▸ YOUR TASK
Give the listing again character for character, but drop the images.

▸ EXERCISE DATA
※

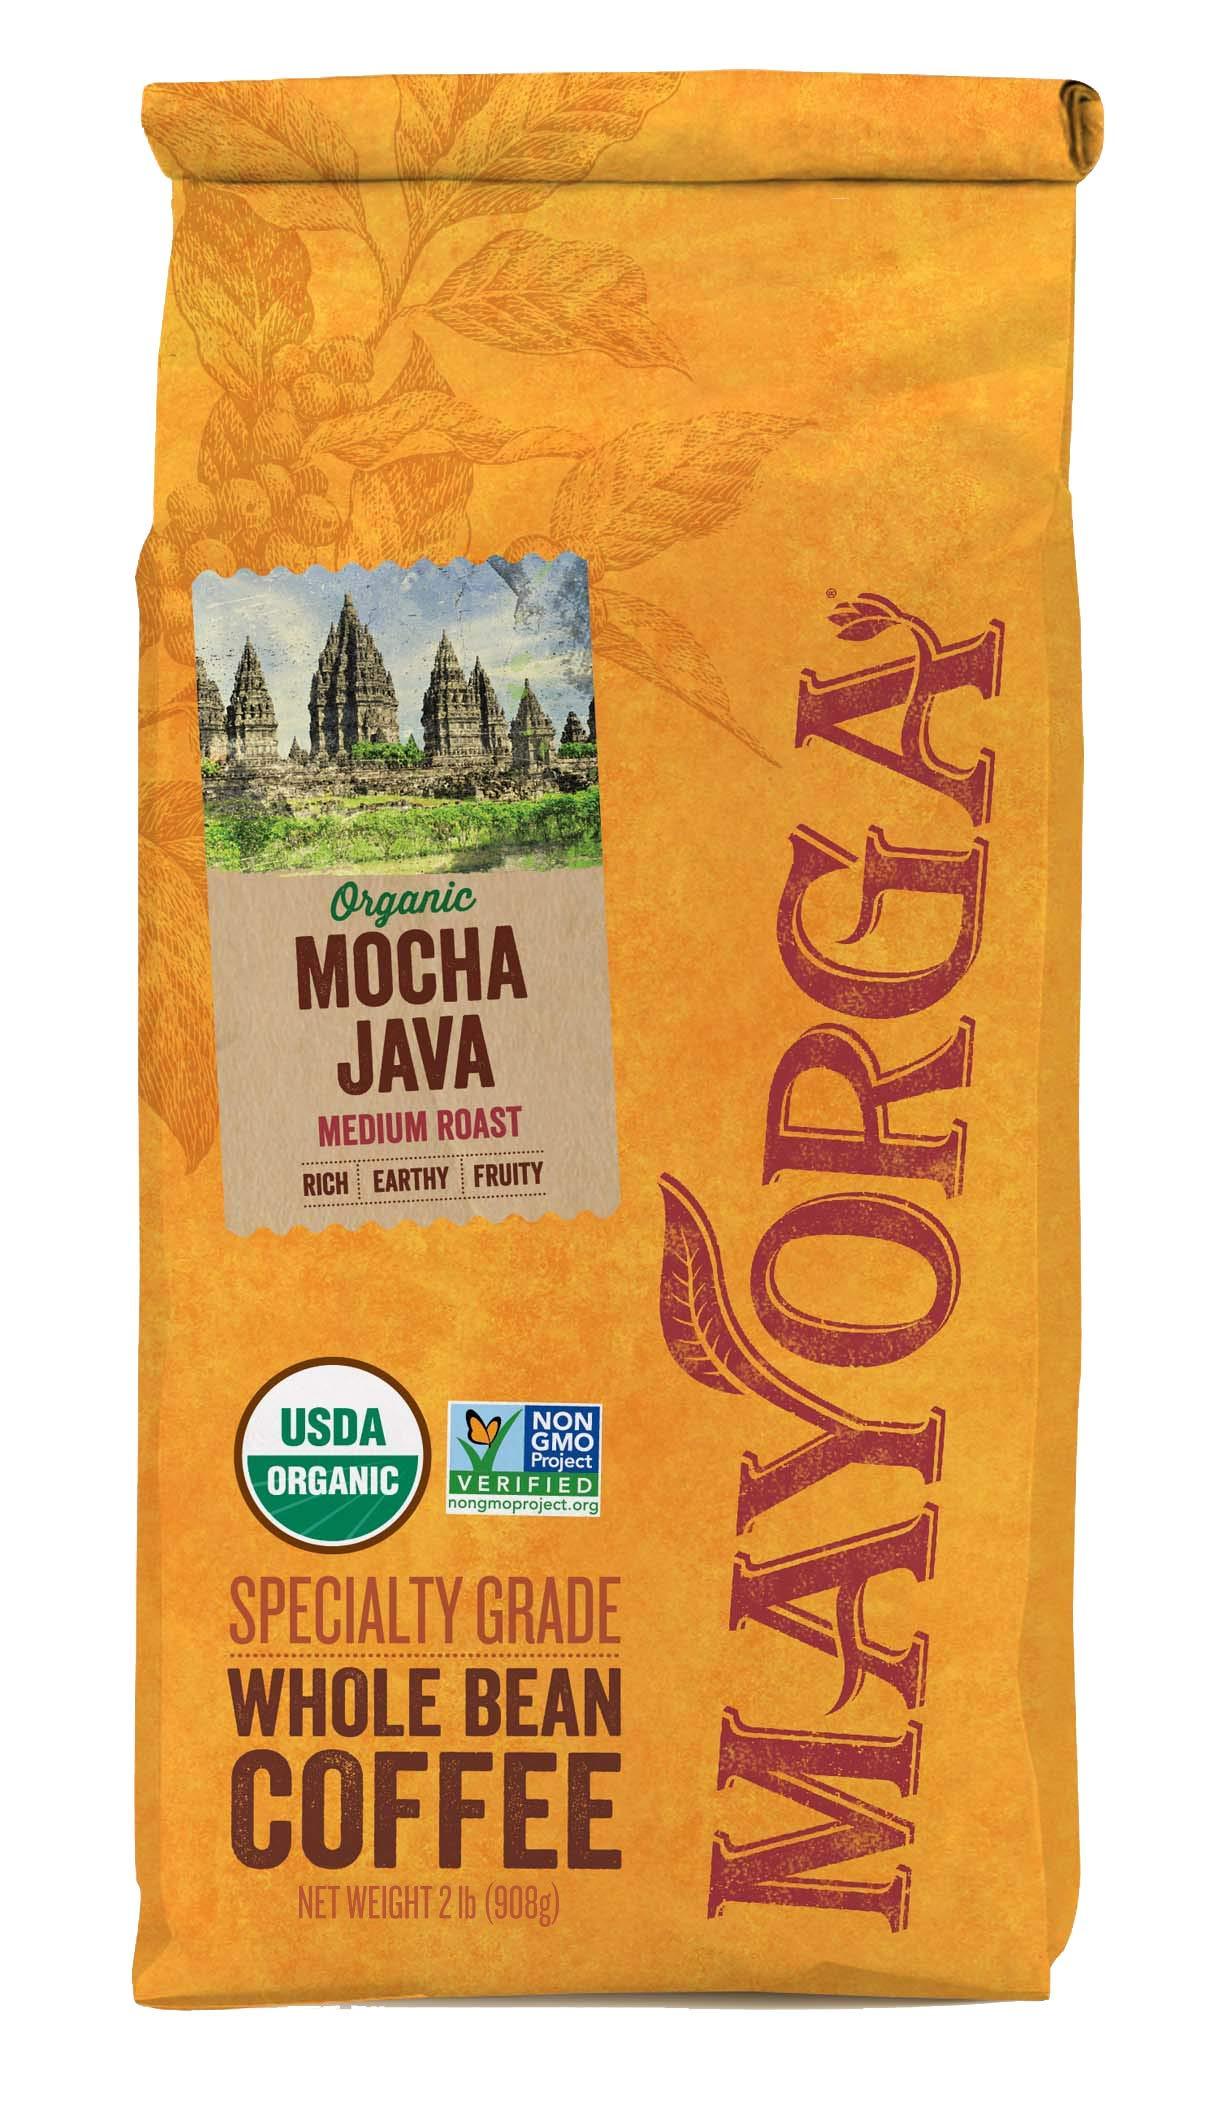 Mocha Java, 2LB, Mayorga Organics, Whole Bean Coffee, Medium Roast, 100% USDA Organic Certified
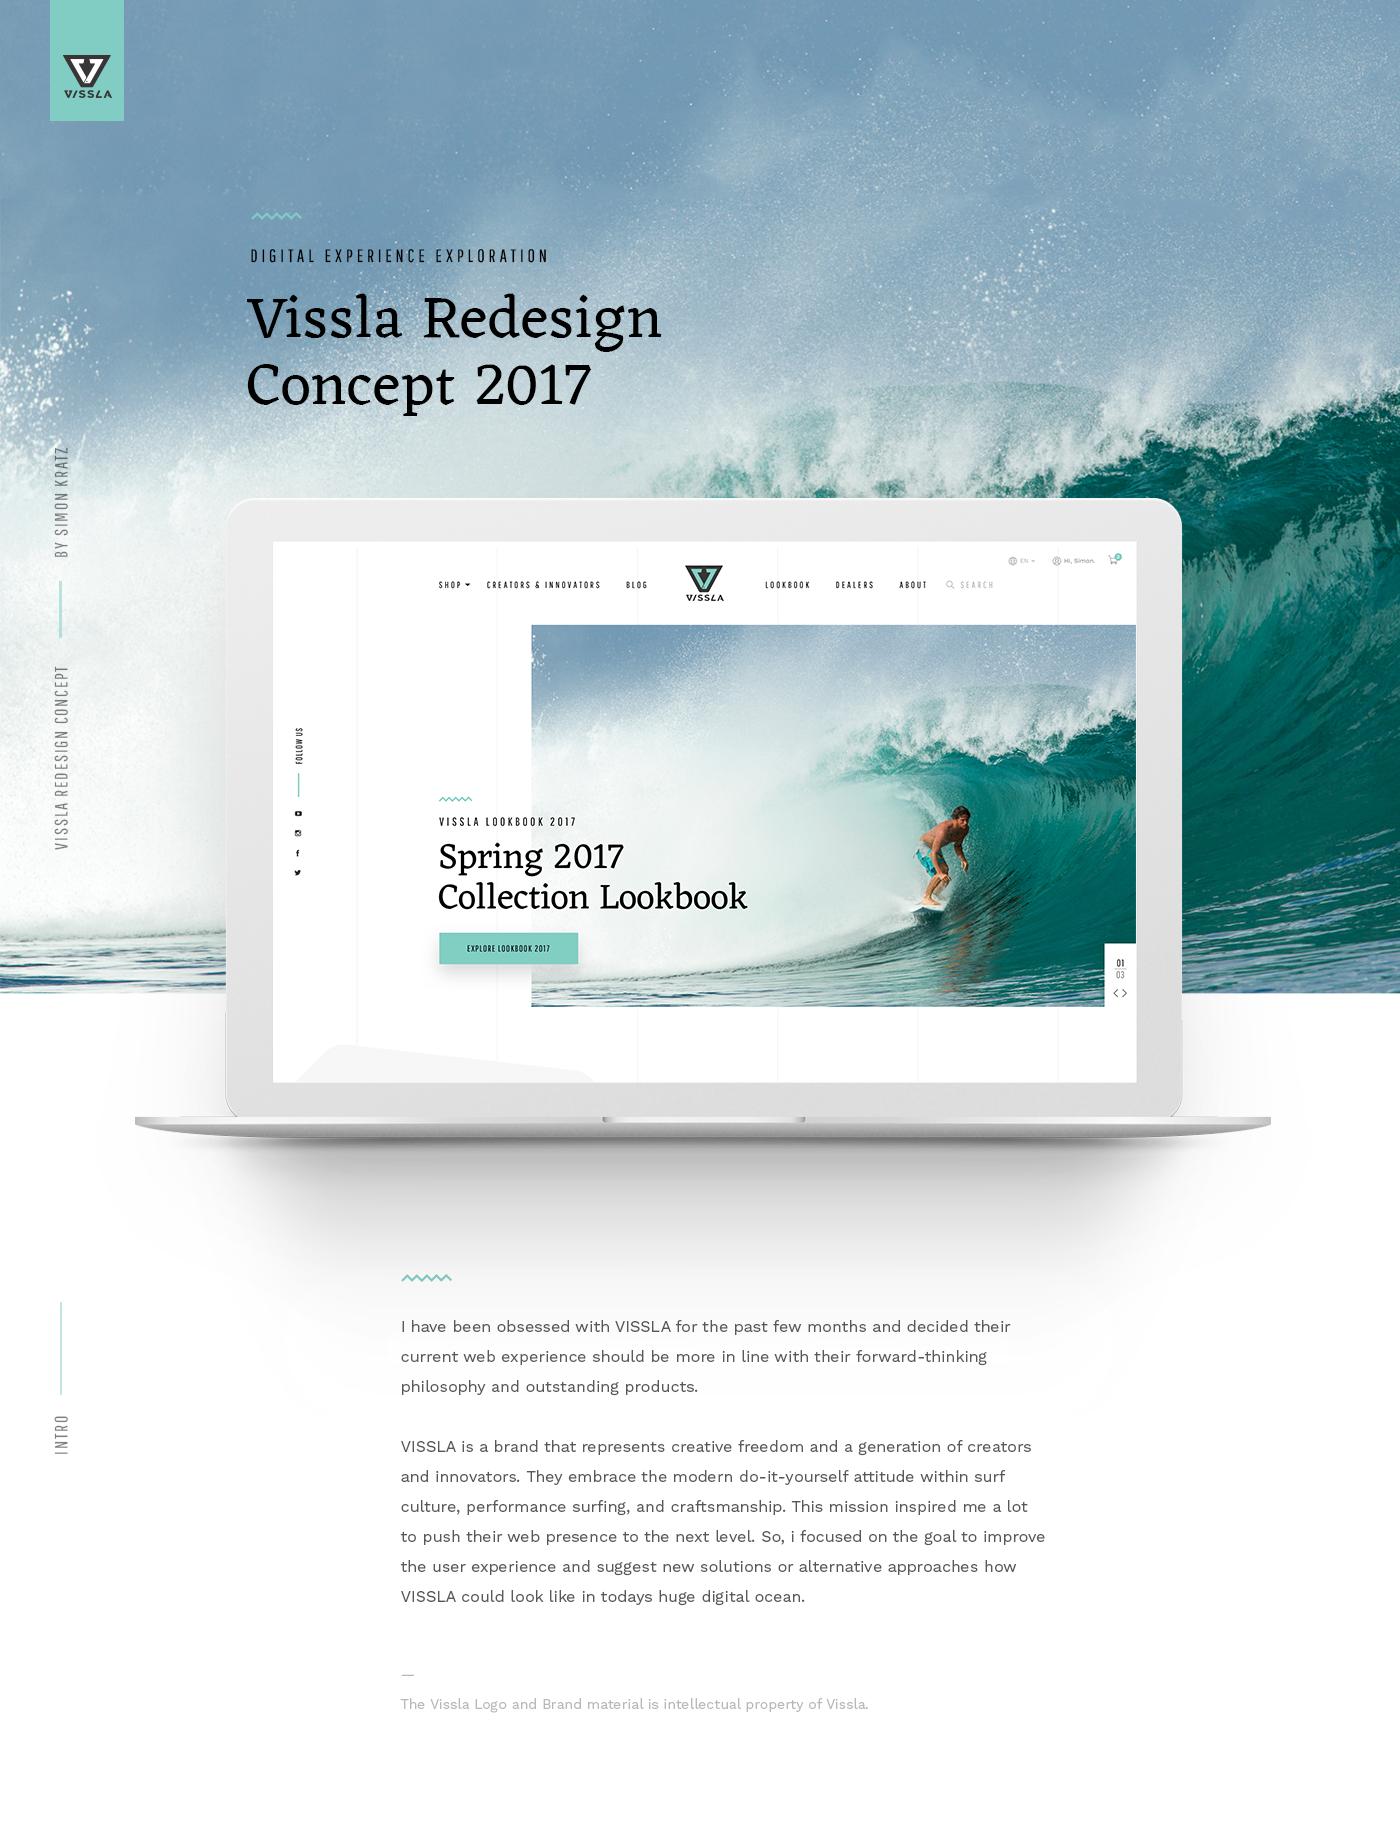 Web Design & UI/UX: Vissla Redesign Concept
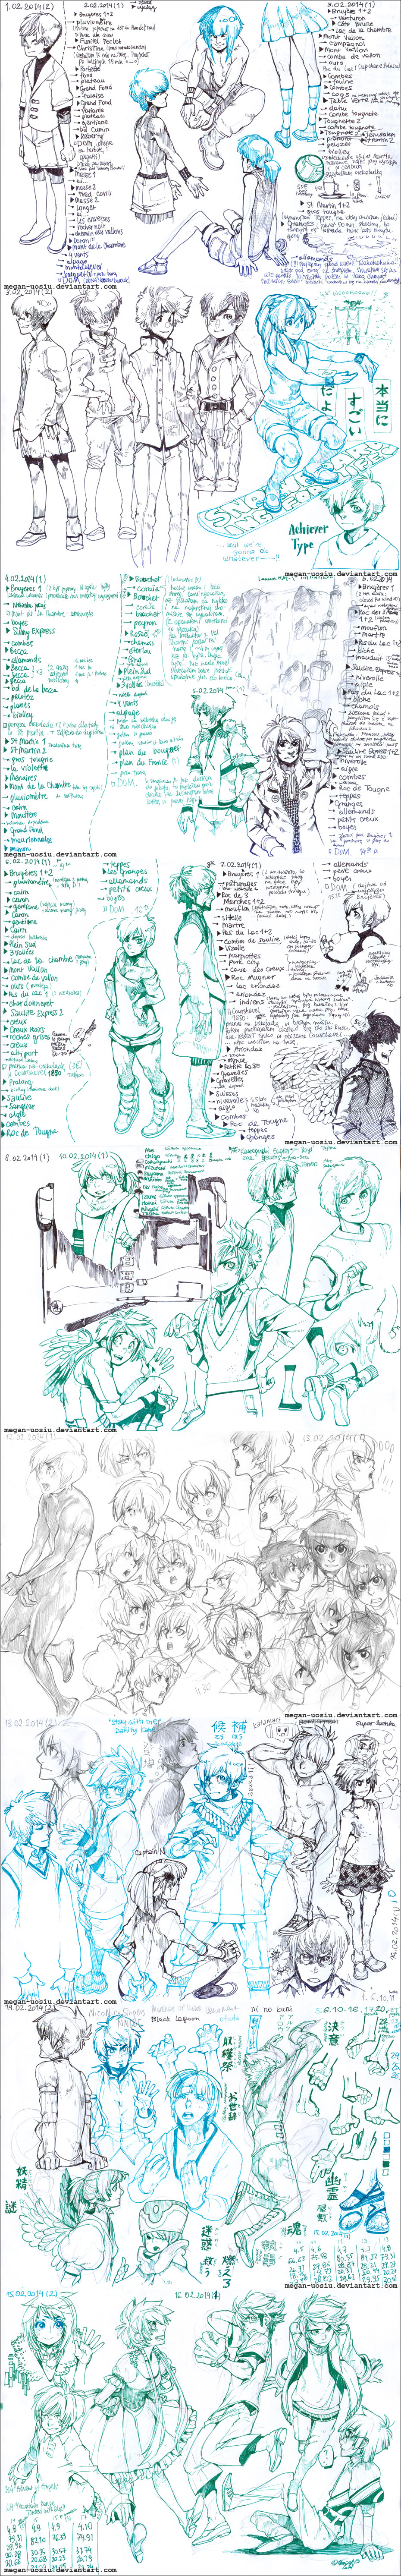 Sketches_055 by Megan-Uosiu

※

▸ TASK RESULT
 Mocha Java, 2LB, Mayorga Organics, Whole Bean Coffee, Medium Roast, 100% USDA Organic Certified
 Web Design & UI/UX: Vissla Redesign Concept
 Sketches_055 by Megan-Uosiu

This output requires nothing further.